* **What the task requires**: Supply the number of lines in the data below that hold "French", and let that number be the whole answer.

** Information supplied follows **

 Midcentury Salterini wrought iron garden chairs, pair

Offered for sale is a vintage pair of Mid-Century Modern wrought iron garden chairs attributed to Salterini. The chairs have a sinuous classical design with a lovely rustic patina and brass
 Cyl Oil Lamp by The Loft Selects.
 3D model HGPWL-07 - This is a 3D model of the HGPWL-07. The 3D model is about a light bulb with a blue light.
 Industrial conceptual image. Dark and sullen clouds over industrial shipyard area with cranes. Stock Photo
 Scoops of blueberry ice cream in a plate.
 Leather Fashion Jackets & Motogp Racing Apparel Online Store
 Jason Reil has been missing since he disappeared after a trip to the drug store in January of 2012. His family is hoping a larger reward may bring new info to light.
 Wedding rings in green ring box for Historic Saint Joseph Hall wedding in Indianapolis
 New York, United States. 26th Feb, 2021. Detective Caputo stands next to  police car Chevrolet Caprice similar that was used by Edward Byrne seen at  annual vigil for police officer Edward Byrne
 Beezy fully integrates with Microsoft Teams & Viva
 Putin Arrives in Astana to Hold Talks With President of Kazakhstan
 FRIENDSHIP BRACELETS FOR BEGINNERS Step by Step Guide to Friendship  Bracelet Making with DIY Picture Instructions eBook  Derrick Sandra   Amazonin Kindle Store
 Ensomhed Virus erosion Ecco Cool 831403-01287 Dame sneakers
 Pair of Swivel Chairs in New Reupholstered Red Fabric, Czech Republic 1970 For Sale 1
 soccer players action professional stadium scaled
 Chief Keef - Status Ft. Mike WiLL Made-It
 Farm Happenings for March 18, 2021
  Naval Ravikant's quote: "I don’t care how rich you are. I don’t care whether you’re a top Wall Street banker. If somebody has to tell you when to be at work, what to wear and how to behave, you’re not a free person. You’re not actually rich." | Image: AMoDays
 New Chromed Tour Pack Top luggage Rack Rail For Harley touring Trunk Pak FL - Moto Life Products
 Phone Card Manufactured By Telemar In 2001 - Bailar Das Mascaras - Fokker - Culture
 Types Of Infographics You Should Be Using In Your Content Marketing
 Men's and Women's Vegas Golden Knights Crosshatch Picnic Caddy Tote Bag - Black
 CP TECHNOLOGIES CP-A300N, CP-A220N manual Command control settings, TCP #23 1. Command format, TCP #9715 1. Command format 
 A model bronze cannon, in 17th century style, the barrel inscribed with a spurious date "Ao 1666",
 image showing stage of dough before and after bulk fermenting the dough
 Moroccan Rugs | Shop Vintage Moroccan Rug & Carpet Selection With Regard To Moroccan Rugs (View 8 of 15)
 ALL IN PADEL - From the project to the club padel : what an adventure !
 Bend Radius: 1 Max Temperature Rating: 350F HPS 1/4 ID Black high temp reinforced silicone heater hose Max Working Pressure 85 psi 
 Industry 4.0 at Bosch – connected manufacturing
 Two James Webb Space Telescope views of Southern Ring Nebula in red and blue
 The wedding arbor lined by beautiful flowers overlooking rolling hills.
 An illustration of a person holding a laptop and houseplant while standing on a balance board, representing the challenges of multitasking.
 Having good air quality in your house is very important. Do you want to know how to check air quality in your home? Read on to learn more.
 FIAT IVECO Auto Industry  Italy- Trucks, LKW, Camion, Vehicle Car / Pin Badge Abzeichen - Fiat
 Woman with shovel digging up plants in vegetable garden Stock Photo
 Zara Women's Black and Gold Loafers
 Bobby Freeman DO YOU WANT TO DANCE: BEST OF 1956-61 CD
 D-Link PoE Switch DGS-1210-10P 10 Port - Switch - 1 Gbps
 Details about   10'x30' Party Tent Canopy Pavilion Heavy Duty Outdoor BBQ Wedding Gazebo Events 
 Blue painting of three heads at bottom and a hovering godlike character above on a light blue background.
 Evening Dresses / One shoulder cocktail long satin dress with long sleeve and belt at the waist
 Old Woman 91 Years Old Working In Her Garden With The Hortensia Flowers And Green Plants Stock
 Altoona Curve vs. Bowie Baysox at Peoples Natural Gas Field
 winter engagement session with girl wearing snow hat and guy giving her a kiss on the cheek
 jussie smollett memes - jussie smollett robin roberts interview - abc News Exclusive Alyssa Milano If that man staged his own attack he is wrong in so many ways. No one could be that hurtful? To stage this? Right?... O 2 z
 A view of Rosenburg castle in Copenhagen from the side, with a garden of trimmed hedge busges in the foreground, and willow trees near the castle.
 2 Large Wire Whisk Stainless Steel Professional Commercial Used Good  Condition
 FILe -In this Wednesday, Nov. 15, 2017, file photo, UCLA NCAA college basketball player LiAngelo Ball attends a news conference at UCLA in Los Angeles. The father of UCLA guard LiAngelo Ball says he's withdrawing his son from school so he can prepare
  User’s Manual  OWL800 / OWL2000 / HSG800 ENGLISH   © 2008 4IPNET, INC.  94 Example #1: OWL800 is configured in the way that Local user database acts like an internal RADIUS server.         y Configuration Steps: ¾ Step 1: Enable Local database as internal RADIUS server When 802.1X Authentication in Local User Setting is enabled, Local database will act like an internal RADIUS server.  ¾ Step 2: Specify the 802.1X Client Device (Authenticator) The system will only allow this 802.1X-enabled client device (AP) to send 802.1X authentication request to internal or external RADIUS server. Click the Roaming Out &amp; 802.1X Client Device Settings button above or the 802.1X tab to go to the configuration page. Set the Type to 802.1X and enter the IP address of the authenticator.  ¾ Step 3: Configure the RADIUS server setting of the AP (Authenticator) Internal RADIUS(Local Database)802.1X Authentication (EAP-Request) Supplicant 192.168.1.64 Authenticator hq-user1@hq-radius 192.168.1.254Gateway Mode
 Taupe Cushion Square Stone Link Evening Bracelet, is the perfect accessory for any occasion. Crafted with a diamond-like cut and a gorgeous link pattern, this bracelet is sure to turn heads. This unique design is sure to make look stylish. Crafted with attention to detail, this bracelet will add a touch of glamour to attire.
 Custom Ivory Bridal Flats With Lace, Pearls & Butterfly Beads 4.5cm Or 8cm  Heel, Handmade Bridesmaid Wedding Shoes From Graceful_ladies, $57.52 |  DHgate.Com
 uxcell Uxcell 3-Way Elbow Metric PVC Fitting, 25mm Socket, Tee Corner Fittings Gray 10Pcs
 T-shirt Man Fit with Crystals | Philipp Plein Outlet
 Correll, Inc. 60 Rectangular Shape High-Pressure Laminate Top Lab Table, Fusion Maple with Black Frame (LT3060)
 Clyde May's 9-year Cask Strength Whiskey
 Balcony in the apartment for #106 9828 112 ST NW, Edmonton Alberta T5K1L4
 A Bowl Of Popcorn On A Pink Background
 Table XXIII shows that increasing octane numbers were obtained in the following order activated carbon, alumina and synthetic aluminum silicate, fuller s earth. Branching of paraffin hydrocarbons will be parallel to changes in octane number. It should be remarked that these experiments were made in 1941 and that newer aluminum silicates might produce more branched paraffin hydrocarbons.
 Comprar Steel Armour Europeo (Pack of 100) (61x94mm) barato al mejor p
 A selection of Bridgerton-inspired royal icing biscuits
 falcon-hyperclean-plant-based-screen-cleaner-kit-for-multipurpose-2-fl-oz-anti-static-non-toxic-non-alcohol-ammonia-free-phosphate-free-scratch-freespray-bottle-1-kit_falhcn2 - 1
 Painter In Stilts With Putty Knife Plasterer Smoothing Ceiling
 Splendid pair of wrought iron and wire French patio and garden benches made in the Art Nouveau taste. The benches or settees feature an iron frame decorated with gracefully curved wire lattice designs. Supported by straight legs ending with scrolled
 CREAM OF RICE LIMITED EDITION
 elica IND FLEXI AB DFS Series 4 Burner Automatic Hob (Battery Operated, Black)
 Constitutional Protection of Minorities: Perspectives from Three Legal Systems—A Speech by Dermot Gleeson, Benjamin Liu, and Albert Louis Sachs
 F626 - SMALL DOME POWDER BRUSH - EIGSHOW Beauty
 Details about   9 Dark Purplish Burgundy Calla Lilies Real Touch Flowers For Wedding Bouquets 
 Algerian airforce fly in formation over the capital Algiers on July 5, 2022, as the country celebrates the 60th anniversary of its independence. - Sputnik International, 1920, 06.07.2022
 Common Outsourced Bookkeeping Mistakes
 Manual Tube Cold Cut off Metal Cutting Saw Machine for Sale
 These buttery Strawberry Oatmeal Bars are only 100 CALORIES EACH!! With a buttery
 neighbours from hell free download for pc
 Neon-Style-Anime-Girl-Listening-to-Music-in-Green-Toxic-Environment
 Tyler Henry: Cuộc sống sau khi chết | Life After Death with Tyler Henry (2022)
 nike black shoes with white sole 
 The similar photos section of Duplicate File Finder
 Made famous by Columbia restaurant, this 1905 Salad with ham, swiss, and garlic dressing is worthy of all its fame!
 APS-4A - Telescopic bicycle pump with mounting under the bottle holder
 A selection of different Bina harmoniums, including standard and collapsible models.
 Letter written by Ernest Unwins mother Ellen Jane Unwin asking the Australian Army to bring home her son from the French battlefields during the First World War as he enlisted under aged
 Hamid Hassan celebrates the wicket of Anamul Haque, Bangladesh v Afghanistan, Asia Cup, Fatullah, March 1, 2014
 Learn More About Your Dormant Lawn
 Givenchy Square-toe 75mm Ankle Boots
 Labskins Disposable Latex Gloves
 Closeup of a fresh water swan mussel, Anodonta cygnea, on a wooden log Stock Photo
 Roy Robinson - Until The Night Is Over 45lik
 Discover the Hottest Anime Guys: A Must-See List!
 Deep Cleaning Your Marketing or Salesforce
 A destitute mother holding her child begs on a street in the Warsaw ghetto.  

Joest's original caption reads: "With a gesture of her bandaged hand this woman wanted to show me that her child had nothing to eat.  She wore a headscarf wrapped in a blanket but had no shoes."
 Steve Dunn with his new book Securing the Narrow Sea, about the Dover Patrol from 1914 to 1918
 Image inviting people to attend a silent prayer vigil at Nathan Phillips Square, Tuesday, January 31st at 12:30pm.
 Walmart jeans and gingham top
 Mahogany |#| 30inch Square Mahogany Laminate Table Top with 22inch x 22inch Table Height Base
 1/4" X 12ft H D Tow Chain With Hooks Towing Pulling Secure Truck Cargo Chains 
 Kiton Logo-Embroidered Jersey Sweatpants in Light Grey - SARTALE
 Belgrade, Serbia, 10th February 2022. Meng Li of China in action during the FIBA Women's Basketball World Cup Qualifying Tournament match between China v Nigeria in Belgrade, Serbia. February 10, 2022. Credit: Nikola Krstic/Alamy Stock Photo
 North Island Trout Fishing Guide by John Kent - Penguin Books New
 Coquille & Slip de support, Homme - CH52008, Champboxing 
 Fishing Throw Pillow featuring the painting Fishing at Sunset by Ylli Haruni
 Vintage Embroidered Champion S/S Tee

** End of Information supplied **

* **Response to this exercise**: 2